▶ **What you will do**: How do the lines below between the ones holding "Kenetrek Hardscrabble Waterproof" and "Вино Ego Bodegas", inclusive, read? Give them again exactly, with no other lines.

[Stored records]
====

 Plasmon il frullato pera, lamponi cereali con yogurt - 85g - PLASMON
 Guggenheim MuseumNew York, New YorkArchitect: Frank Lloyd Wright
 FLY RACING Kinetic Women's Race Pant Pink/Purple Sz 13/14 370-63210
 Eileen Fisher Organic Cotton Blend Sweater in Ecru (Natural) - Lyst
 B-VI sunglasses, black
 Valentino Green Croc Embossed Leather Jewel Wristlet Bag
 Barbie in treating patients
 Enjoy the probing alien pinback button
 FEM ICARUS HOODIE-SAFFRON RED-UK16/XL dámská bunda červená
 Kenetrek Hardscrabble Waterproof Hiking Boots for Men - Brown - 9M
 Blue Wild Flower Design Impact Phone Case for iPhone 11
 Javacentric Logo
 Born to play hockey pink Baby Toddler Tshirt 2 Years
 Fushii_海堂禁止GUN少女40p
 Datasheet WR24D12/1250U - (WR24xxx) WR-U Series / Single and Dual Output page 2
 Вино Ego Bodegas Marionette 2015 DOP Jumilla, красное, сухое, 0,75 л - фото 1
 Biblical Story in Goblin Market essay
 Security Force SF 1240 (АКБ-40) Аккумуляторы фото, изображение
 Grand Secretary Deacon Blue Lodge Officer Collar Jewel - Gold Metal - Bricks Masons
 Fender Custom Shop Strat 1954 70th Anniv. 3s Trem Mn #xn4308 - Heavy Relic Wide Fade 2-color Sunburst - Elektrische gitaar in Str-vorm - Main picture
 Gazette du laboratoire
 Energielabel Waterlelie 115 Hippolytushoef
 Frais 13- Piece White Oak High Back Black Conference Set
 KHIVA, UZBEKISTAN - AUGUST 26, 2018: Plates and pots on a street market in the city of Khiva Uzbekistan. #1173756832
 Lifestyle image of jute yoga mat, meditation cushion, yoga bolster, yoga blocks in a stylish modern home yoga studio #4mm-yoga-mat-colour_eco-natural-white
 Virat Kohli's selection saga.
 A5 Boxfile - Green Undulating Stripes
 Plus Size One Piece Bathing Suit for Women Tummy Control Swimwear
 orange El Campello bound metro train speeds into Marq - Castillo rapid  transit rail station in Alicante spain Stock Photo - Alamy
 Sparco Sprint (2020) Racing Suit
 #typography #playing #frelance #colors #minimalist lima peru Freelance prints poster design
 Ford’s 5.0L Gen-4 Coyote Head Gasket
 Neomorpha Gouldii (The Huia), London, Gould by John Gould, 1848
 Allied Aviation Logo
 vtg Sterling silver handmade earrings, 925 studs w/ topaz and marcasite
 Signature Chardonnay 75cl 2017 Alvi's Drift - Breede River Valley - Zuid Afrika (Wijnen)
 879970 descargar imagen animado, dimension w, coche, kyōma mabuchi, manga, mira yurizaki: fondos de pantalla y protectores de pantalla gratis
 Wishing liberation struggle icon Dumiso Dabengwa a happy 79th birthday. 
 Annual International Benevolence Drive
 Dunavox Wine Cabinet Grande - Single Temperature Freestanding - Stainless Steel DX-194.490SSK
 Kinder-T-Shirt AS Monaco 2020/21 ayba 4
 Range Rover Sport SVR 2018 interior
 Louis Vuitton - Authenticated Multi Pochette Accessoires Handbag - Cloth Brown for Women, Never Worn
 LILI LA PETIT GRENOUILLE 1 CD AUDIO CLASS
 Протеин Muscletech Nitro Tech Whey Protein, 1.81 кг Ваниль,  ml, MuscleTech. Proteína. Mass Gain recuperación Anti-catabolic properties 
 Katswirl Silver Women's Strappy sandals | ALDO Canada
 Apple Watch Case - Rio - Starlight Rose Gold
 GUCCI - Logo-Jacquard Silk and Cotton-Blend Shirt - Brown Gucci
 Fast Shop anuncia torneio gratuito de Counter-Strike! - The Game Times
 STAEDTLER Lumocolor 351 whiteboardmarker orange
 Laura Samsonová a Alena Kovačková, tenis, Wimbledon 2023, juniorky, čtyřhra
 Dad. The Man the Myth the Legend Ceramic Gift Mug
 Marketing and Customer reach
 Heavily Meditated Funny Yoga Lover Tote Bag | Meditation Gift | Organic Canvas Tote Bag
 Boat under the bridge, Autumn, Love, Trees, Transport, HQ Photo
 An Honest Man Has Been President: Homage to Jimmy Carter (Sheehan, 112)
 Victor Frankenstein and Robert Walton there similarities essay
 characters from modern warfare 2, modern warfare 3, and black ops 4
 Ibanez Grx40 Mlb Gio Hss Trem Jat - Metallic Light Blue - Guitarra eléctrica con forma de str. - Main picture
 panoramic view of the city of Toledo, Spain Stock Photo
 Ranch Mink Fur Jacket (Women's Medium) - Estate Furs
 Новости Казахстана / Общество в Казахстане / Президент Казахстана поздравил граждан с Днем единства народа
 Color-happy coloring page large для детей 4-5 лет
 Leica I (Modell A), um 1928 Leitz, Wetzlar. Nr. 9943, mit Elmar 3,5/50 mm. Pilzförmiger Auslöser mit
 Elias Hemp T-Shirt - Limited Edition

====

▶ **Written reply**:
 Kenetrek Hardscrabble Waterproof Hiking Boots for Men - Brown - 9M
 Blue Wild Flower Design Impact Phone Case for iPhone 11
 Javacentric Logo
 Born to play hockey pink Baby Toddler Tshirt 2 Years
 Fushii_海堂禁止GUN少女40p
 Datasheet WR24D12/1250U - (WR24xxx) WR-U Series / Single and Dual Output page 2
 Вино Ego Bodegas Marionette 2015 DOP Jumilla, красное, сухое, 0,75 л - фото 1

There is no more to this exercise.